I successfully read the file and compressed it with Java's GZIP classes, however I did not attempt to parse the XML itself. Did you run EnwikiDocMaker on the actual XML or the bz2 archive? The 20070527 run should end soon (I hope - it reached 2.2M documents, so if it doesn't fail, I guess that bzip wrapping is very unlikely to affect the XML parsing.
Shai, why did it take 9 hours to get to that exception? Is bunzip that slow? That seems crazy.
I run the test on my TP 60, which is not a snail-of-a-machine, but definitely not a strong server. You can download the patch and the jar and try it out on your machine. But yes, I did notice bzip is very slow compared to gzip, however it has better compression ration. I do want to measure the times though, to give more accurate numbers, but in order to do that I need to finish a successful run first.
Can you run only your bunzip code and confirm it ...
I would have done that, but the output XML is 17GB, and doing it twice is not an option on my TP. That's why I wanted this bzip thing in the first place :) I'll try to do that with the 20070527 version, which hopefully will be \~half the size ...
Michael McCandless (@mikemccand) (migrated from JIRA)
Did you run EnwikiDocMaker on the actual XML or the bz2 archive?
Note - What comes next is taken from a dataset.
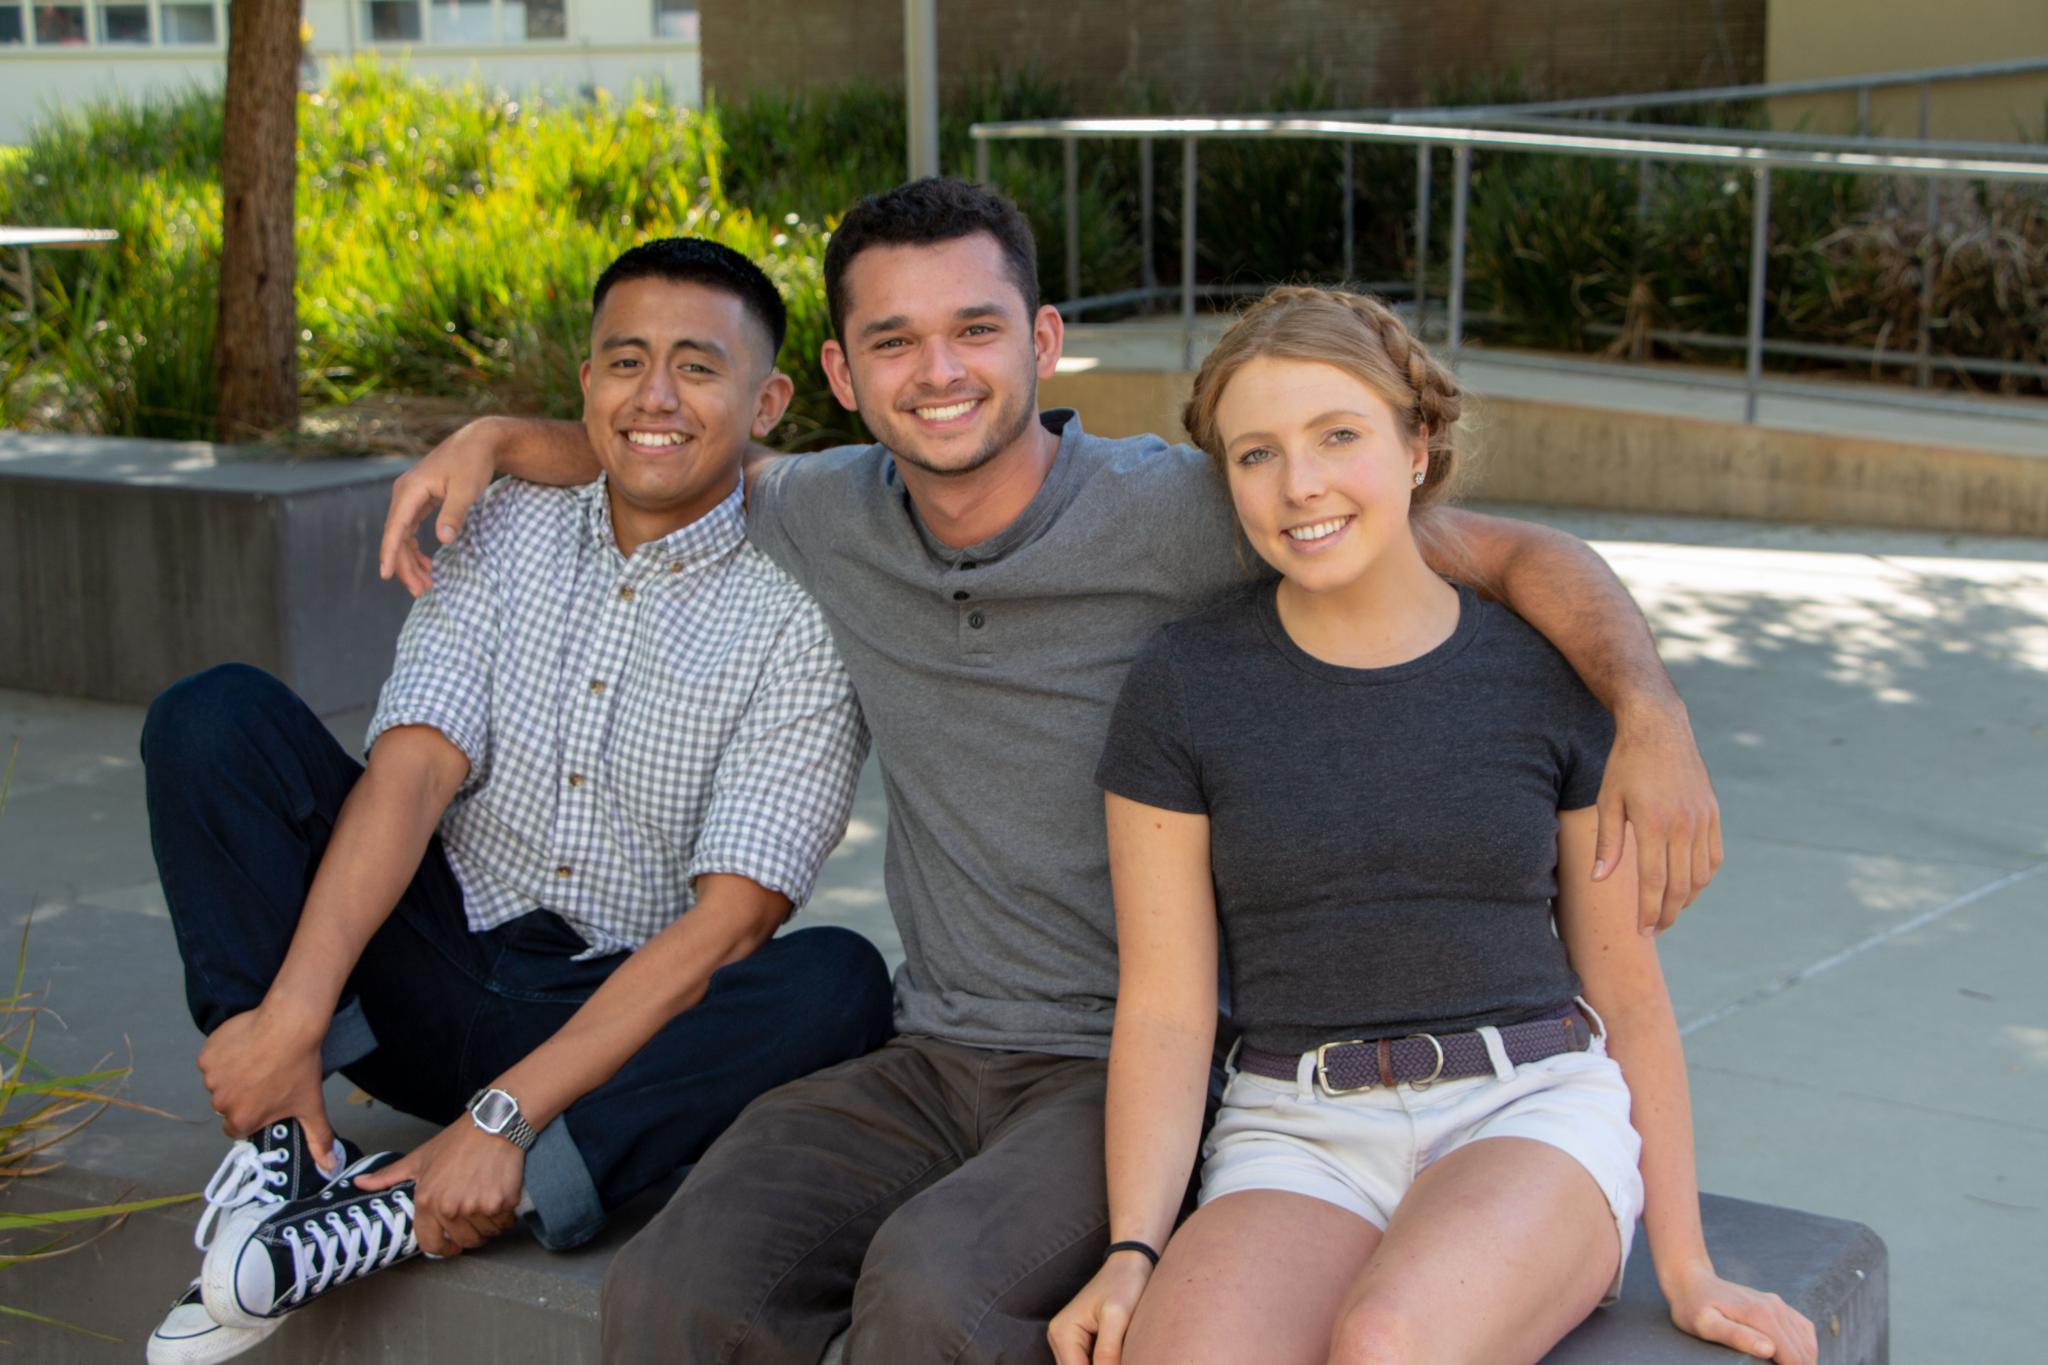 Three people, two men and a woman, sit on a bench with their arms around each other. They are part of a group of transfer academic coaches on campus.

I downloaded the bz2 2008036 Wikipedia export, ran bunzip2 on the command line, then had to patch Xerces JAR to get it to parse the XML successfully.
I run the test on my TP 60, which is not a snail-of-a-machine, but definitely not a strong server.
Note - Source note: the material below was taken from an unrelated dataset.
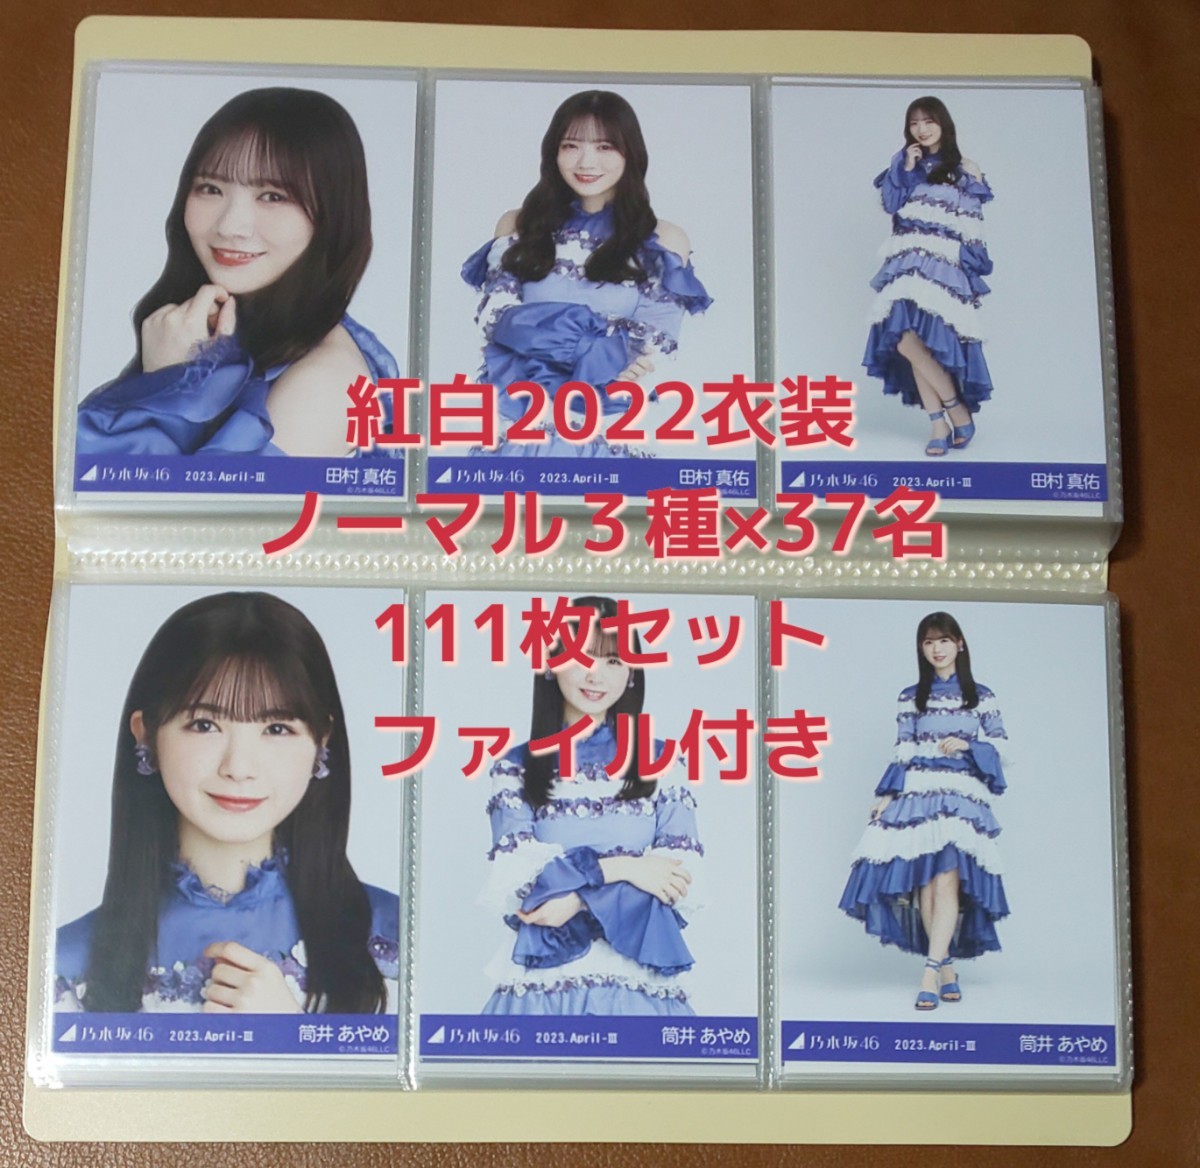  Nogizaka 46. white 2022 costume life photograph 2023.April-Ⅲ. tree kore normal 37 name ×3 kind 111 pieces set file attaching

Hmm – I wonder how long bunzip2 would take on the TP 60. Time to upgrade ;) Get yourself an X25 SSD!
I would have done that, but the output XML is 17GB, and doing it twice is not an option on my TP. That's why I wanted this bzip thing in the first place
Ahh OK :)
Shai Erera (@shaie) (migrated from JIRA)
I downloaded the bz2 2008036
I'm almost sure its a typo, but just to verify - did download the 20090306 (enwiki-20090306-pages-articles.xml.bz2), or 2008036?
Anyway, I think I've found a problem. In the javadocs, they document that the IS version uses the readByte() exclusively, but don't say anything regarding their OS version. I read the code and noticed it always calls write() and never uses the array version. So I wrapped the FOS with a BOS (bufSize=64k) and then with BZOS. I did a short test, reading 2000 records from the 20070527 file, before and after the change:
Num Docs | Before | After | %tg |
---|---|---|---|
2000 | 106s | 30s | 72 |
I think that if that improvement is stable, than the 9 hours run should drop to \~3 hours, which seems right. I didn't measure the time to unzip the file using WinRAR (the first time I tried it), but it was a couple of hours run.
Once the current run will complete, I'll kick off a new one with that code change and note the time difference. I'm eager to see it speeds up, but I want to complete a successful run before :)
Shai Erera (@shaie) (migrated from JIRA)
Another thing I noticed is that WriteLineDocTask calls flush() after every document it writes. Any reason to do it? We use BufferedWriter, and calling flush() after every document is a bit expensive, I think. I quickly measured the same 2000 documents run and it finished in 28 seconds, 7% improvement compared to the 'after' run and 74% improvement compared to the 'before'. So if there's a good reason, we can keep it - the performance gain is not that high, but otherwise I think we should remove it, and count on PerfTask.close() being called at the end of the run (perhaps the absence of close() was the reason to call flush() in the first place?).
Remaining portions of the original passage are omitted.